Neural Memory Model for Russian Text Generation
This model implements a neural memory architecture for Russian text generation using PyTorch and the Titans library. The architecture is based on the implementation from lucidrains/titans-pytorch.
Model Description
The model uses a Transformer architecture enhanced with neural memory capabilities from the Titans library for improved context handling and long-range dependencies in text generation.
Architecture Source
The core architecture is derived from the Titans PyTorch implementation by Phil Wang (@lucidrains). The original implementation provides the following key components that we utilize:
- Memory-enhanced Transformer architecture
- Flexible attention mechanisms
- Neural memory layers
Key Features
- Neural memory architecture with customizable depth and size
- Sliding window attention mechanism
- Gradient accumulation for stable training
- CUDA-optimized implementation
Requirements
Environment
- Python: 3.9.21
- CUDA: 11.8
- GPU with at least 16GB VRAM recommended
Key Dependencies
Python version: 3.9.21
CUDA version: 11.8
Requirements:
adam-atan2-pytorch==0.1.18
datasets==3.2.0
nvidia-cuda-cupti-cu12==12.4.127
nvidia-cuda-nvrtc-cu12==12.4.127
nvidia-cuda-runtime-cu12==12.4.127
nvidia-cudnn-cu12==9.1.0.70
nvidia-cufft-cu12==11.2.1.3
nvidia-curand-cu12==10.3.5.147
nvidia-cusolver-cu12==11.6.1.9
nvidia-cusparselt-cu12==0.6.2
nvidia-nccl-cu12==2.21.5
nvidia-nvtx-cu12==12.4.127
titans-pytorch==0.3.25
torchaudio==2.5.1
torchvision==0.20.1
transformers==4.48.3
triton==3.1.0
wandb==0.19.6
Example
The repository includes complete training and inference code. Key components:
- Data preprocessing (WikiDatasetPreprocessor)
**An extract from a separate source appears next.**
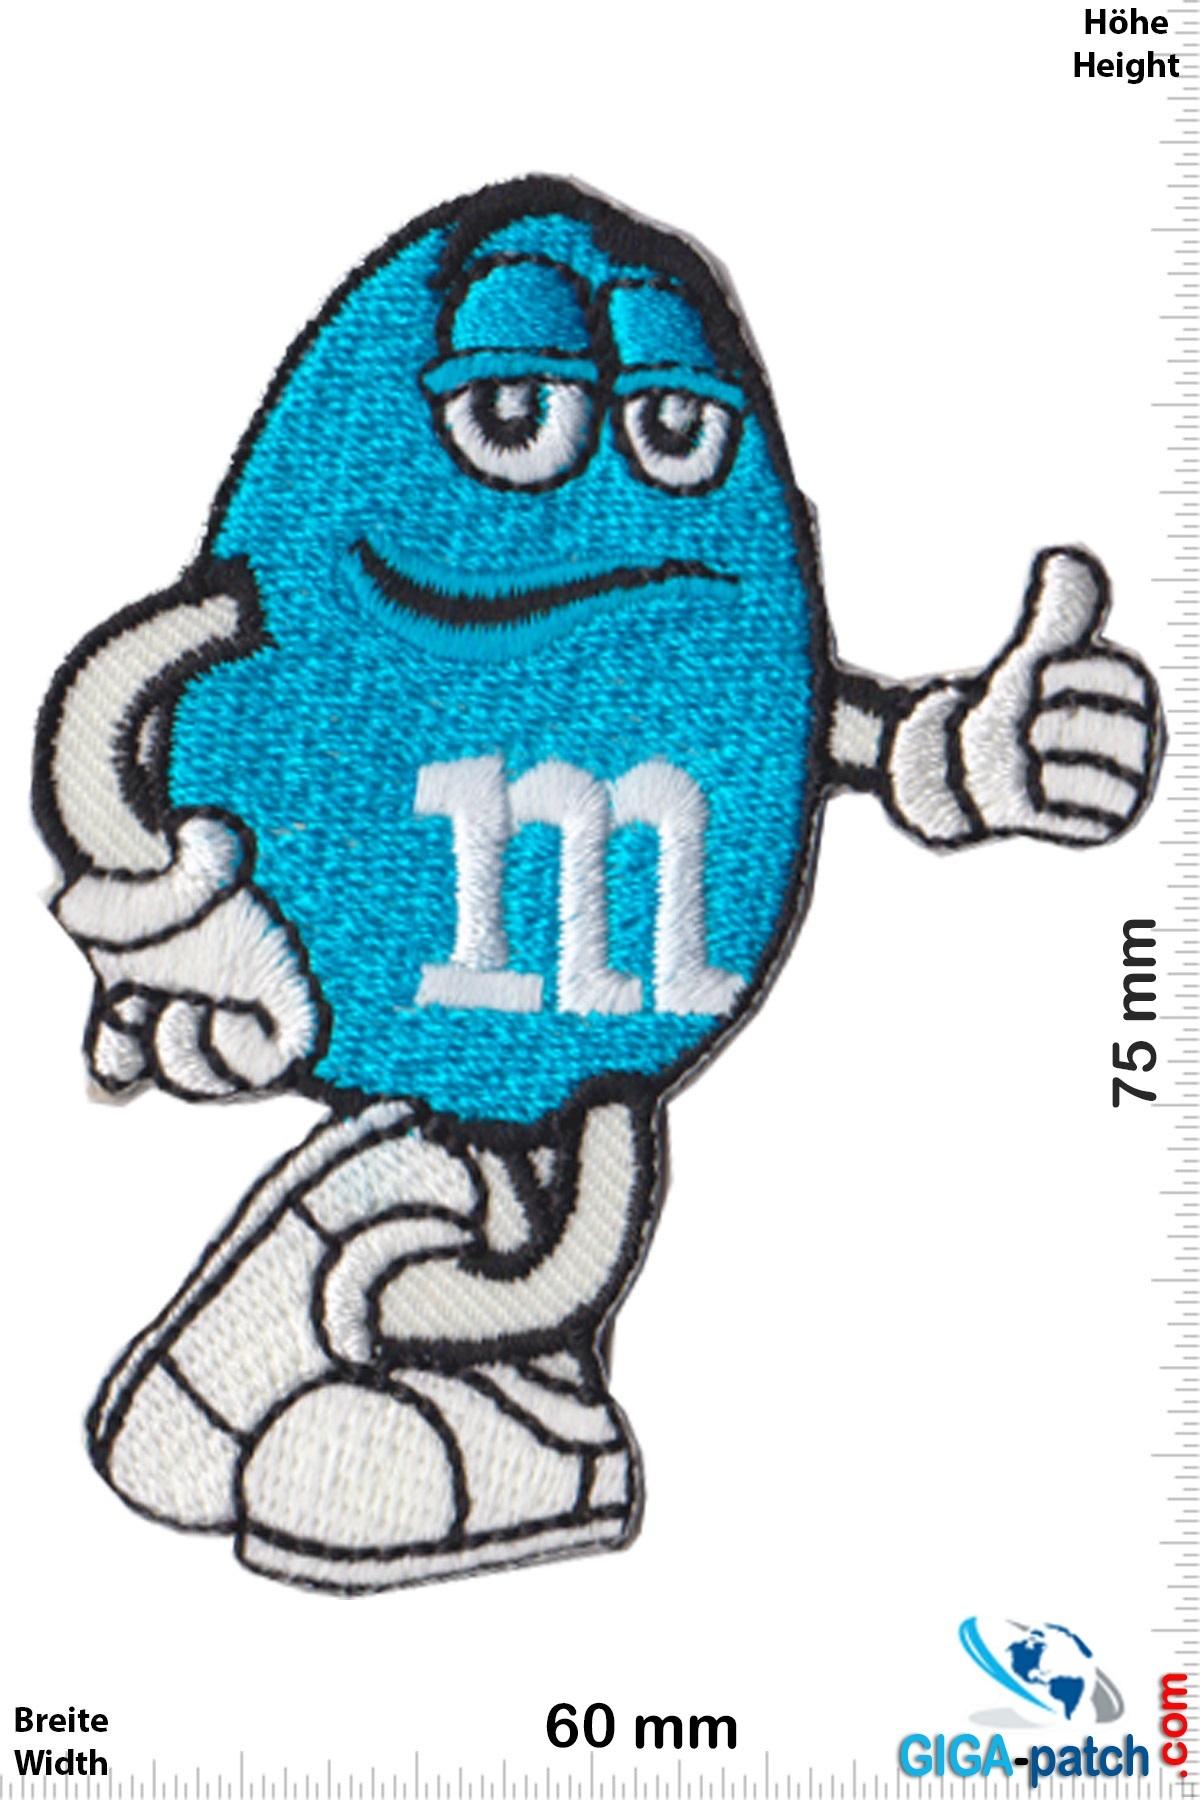 M&M's - blue - Mars & Murrie's

- Custom dataset implementation (WikiTextDataset)
- Training loop with gradient accumulation
- Validation and checkpointing
Example Code
import os
import warnings
from pathlib import Path
from typing import List, Dict, Optional, Tuple
import torch
from torch import nn
from torch.utils.data import Dataset, DataLoader
from transformers import (
GPT2TokenizerFast,
PreTrainedModel,
PreTrainedTokenizer,
AutoConfig,
AutoModelForCausalLM,
AutoTokenizer,
PretrainedConfig,
GenerationMixin,
pipeline
)
from transformers.modeling_outputs import CausalLMOutputWithCrossAttentions
from huggingface_hub import HfApi, login
from datasets import load_dataset
from tqdm import tqdm
from adam_atan2_pytorch import AdoptAtan2
from titans_pytorch import (
MemoryAsContextTransformer,
MemoryMLP,
MemoryAttention
)
# Отключаем предупреждения
warnings.filterwarnings("ignore", category=UserWarning)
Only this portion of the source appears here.